Cuts to government spending could impact public service employment if a review finds any "waste", Principal Permanent Secretary Mario Cutajar has acknowledged.
The head of the civil service was speaking after Finance Minister Clyde Caruana confirmed a review on expenditure was underway to mitigate the impact of energy subsidies on public finances.
During a news conference on Tuesday as part of Public Service Week, Cutajar said that the internal review aims to safeguard essential public service while addressing “what we can do without in these circumstances”.
“Cost-cutting could impact the public service in many ways,” he said.
“It could impact employment and work processes. But there must most definitely be cost-cutting where there is waste.”
The government has pledged to keep energy and fuel prices stable even though the war in Ukraine is driving up the costs of oil and gas internationally.
However, Malta registered a deficit of €1.2 billion last year, or the equivalent of eight per cent of GDP, with Central Bank Governor Edward Scicluna warning the government to not lose sight of its commitment to reduce it.
According to the Central Bank’s projections, the country’s deficit is expected to decline to 6.2 per cent of GDP by this year, narrowing to 3.3 per cent by 2024.
Cutajar said the public service itself would carry out and implement cuts, but would not say where wastage was happening before the necessary exercise is carried out.
Public officials to get AI training
He was speaking during an event at the Malta Fairs and Conventions Centre in Ta’ Qali, during which an agreement was signed to train public officers in artificial intelligence.

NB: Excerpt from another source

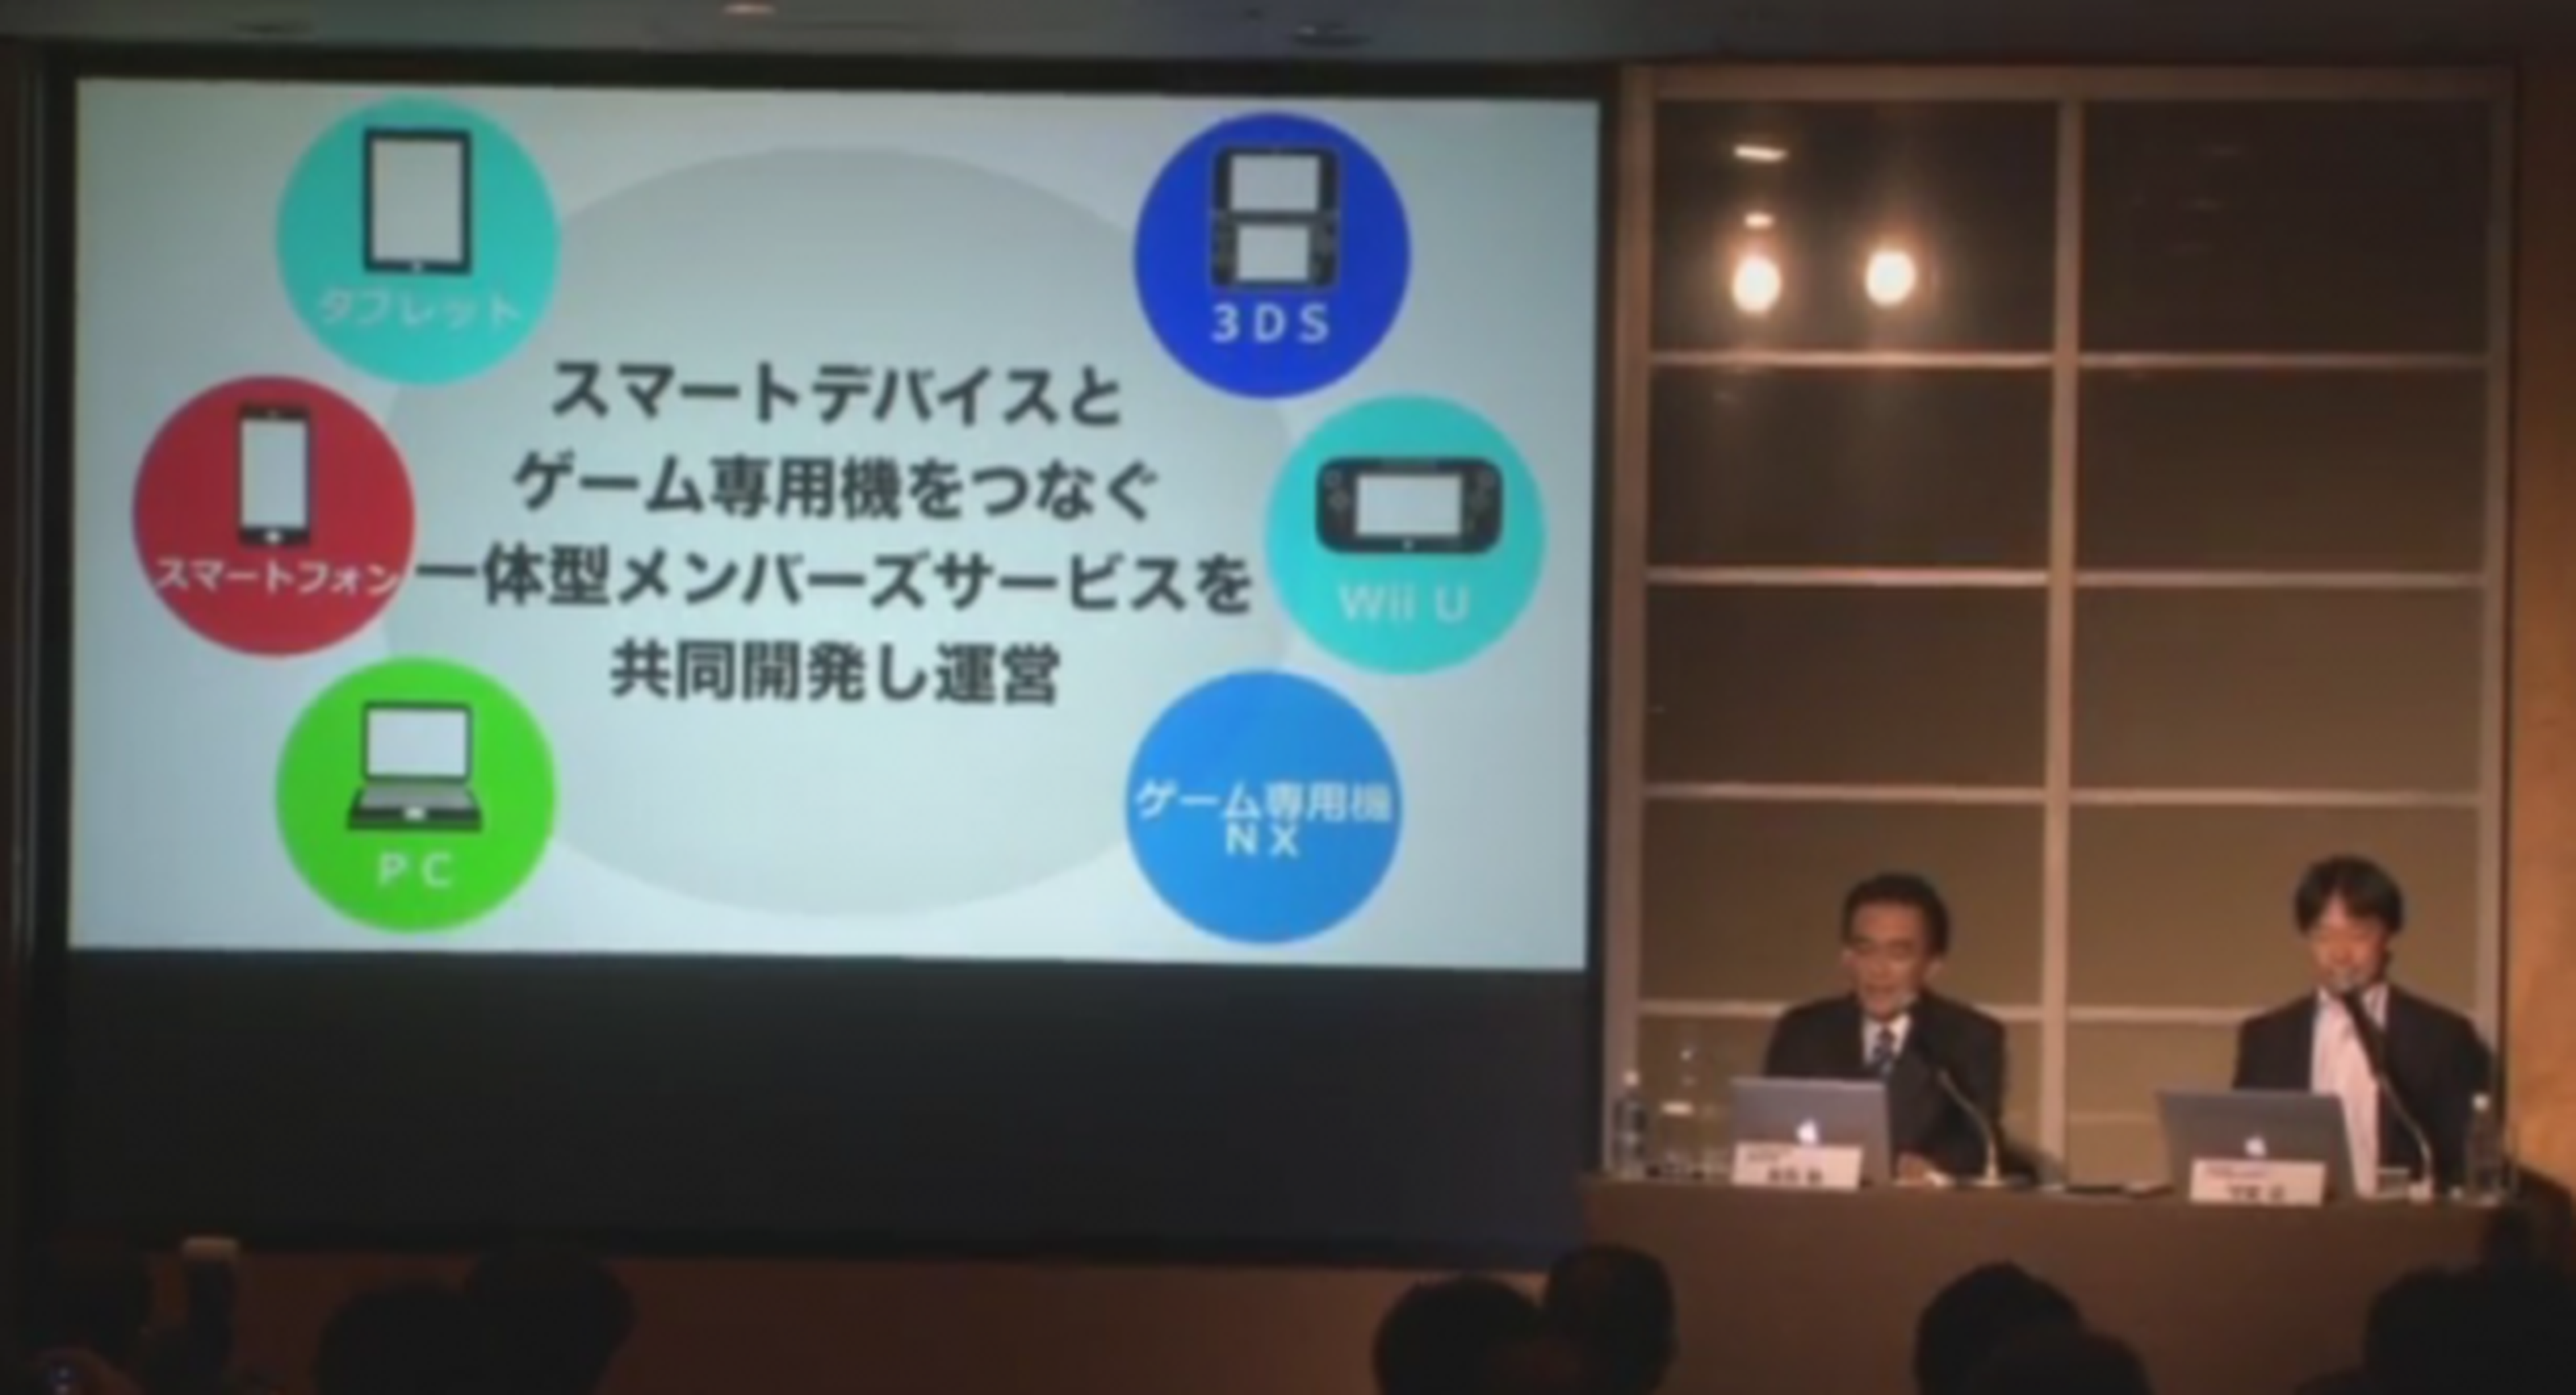 Nintendo NX no será un reemplazo de Wii U o 3DS, según Iwata

The agreement is a memorandum of understanding between the University of Malta, MCAST, the eSkills Malta Foundation, the Institute for the Public Services, and the Office of the Prime Minister and covers a three-year period.
Cutajar said the training will help public officials offer a better service to their clients. This is part of the five-year strategy in place for the sector.
Rector Alfred Vella said the University of Malta had long been focusing on research in the AI sector and this form of technology could help solve the problems of a complex country.
James Calleja, MCAST principal, said it was an opportunity for growth while eSkills Malta Foundation’s chief administrator, Carm Cachia, said it would assist with training.